Recovery High School Principal says legalizing medical marijuana sends wrong message
Things like question 3 send the wrong message.
Decriminalization sends the wrong message.
Legalization of medical marijuana sends the wrong message.
“Our kids are going into treatment, getting clean and getting sober and when they come out they’ve nowhere to go. They go back to their old people, places or things, their old schools and they were relapsing at really high rates.” — Roger Oser, Principal of Ostiguy Recovery High School in Boston.
Recovery high schools started 7 years ago with North Shore Recovery High School, William J. Osterguy High School in Boston, and Liberty Academy in Springfield.
Our fourth opened in Brockton last year and we are working hard on opening others on the Cape and in Worcester to provide environments of positive peer and academic support for kids after rehab.
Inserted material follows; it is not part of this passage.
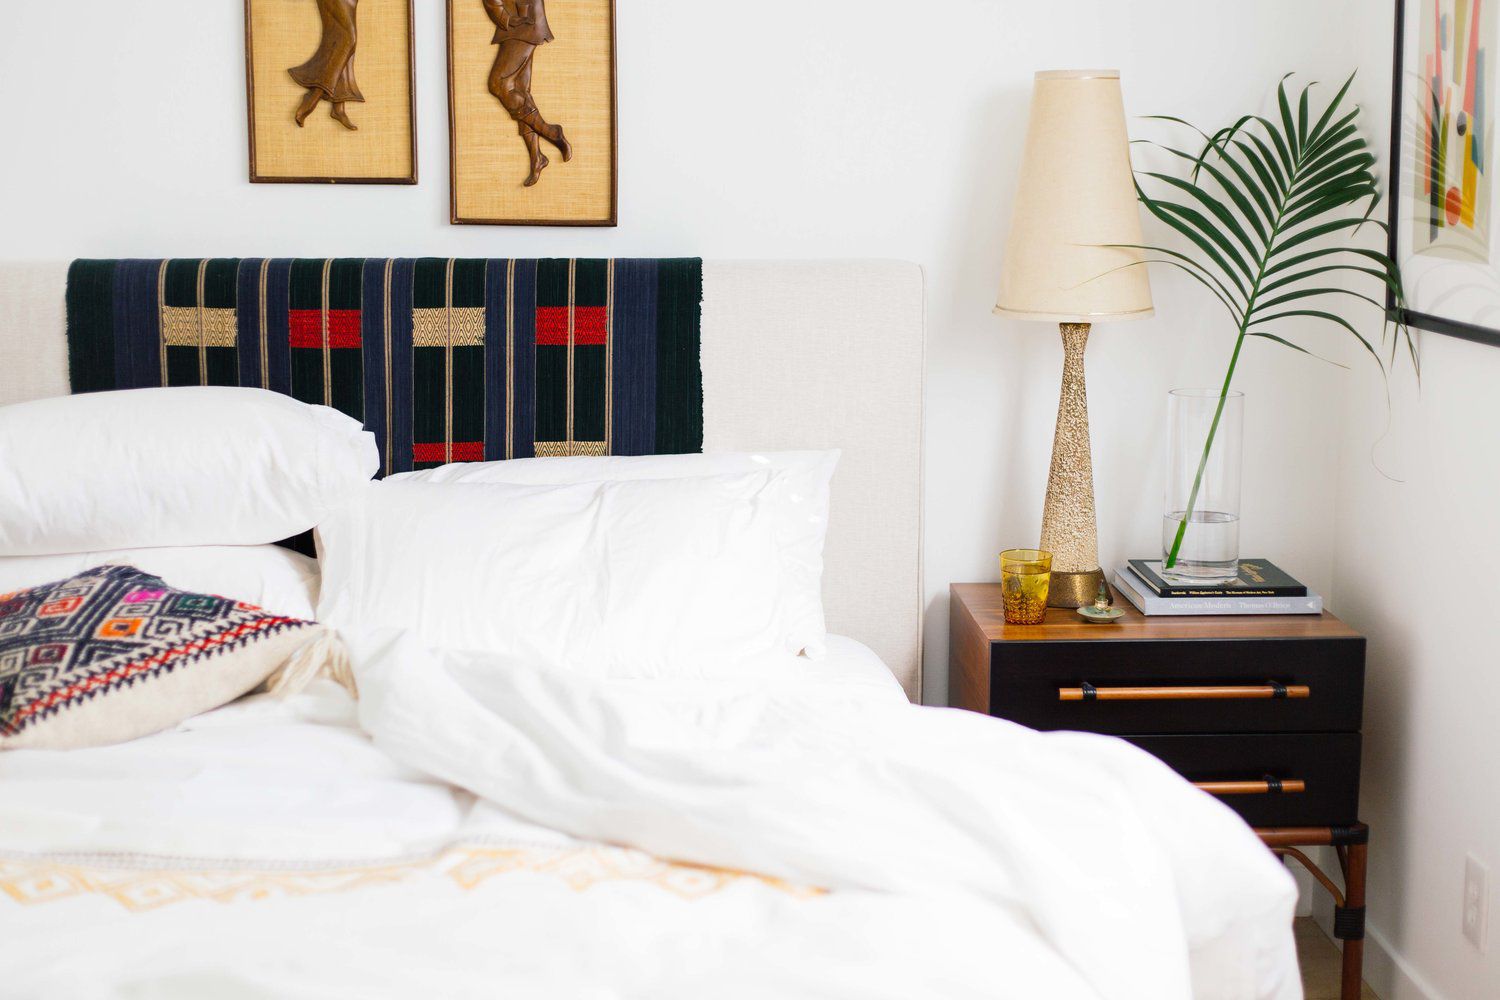 Budget bedroom decorating blog tips

“The young people around them and the messages in society about marijuana, about alcohol, push them away from recovery and sobriety. But they’ve made the choice to go forward with sobriety, get help, get treatment, have each other as support, and develop a peer group.
“Recovery High Schools have been successful because of that peer aspect. They are all quality schools, all run as public schools where the focus is on academics, but everything is built on a foundation of recovery culture.
The students are drug tested randomly, with mandatory drug testing once a week.
They have to work outside plans of recovery, but most important of all they have each other, support each other in groups outside of school, because things like Question 3 send the wrong message to them.
The decriminalization of marijuana sends the wrong message. You can’t walk downtown through Downtown Crossing without smelling weed. You can tell that gets me a little bit angry. You have to walk outside and be exposed to this which, for some of them can be a trigger.
So whether its decriminalization, legalization of medical marijuana, the science, as Dr. Knight said, shows the negative impact it has. We want more and more young people accessing treatment if they need it and as long as young people are accessing treatment Recovery High Schools are a place for them to go afterwards, so they can continue their recovery, continue their academics.”